MATCH (a)-[e:VOTE]->(b), (b)-[f:VOTE]->(a)
WHERE f.year = e.year AND e.score >= 8 AND f.score >= 8
WITH a,b,collect(DISTINCT e.year) as years,count(DISTINCT e.year) as nb_years
RETURN a.name,b.name,years
ORDER BY nb_years DESC

It’s interesting to see that there is actually countries that are mutualing voting to each other, and for some, it appears 2 times on 4 years.

Graph of Friends

Let’s visualize the last result

MATCH w WHERE w.winner = "Yes" REMOVE w:Country SET w:Winner;
MATCH p = (a)-[e:VOTE]->(b), q = (b)-[f:VOTE]->(a)
WHERE f.year = e.year AND e.score >= 8 AND f.score >= 8

RETURN p

Interesting, some winner sounds like part of a cluster of countries. But as they are winner, they automatically behave like 'hub' in the graph. Let’s do the same graph without them.

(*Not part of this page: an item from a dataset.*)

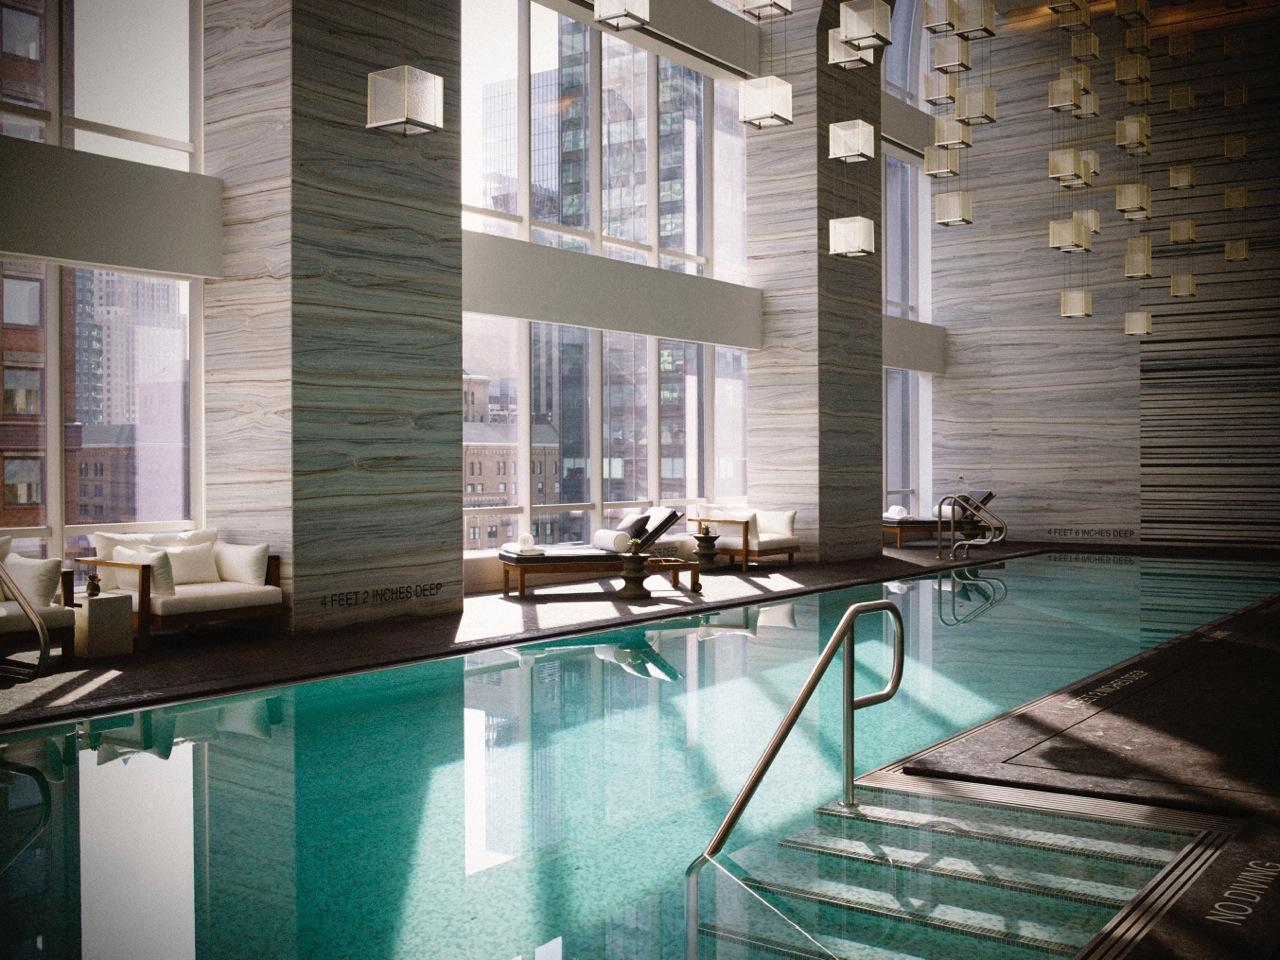 NYCPH_P092 Pool

MATCH p = (a)-[e:VOTE]->(b), q = (b)-[f:VOTE]->(a)
WHERE f.year = e.year AND e.score >= 8 AND f.score >= 8 AND a.winner <> "Yes" AND b.winner <> "Yes"

RETURN p

With or without the winner candidates, the result is same : it almost looks like the World Border Graph. So it sounds like some countries are part of a "geographical gang".

Conclusion

For sure, the investigation can be improved by more data and analysed more in details.

We can’t conclude surely that countries are organised in "gang", but we can observe some interesting singularities and distinguish some cluster of country based on geographical location.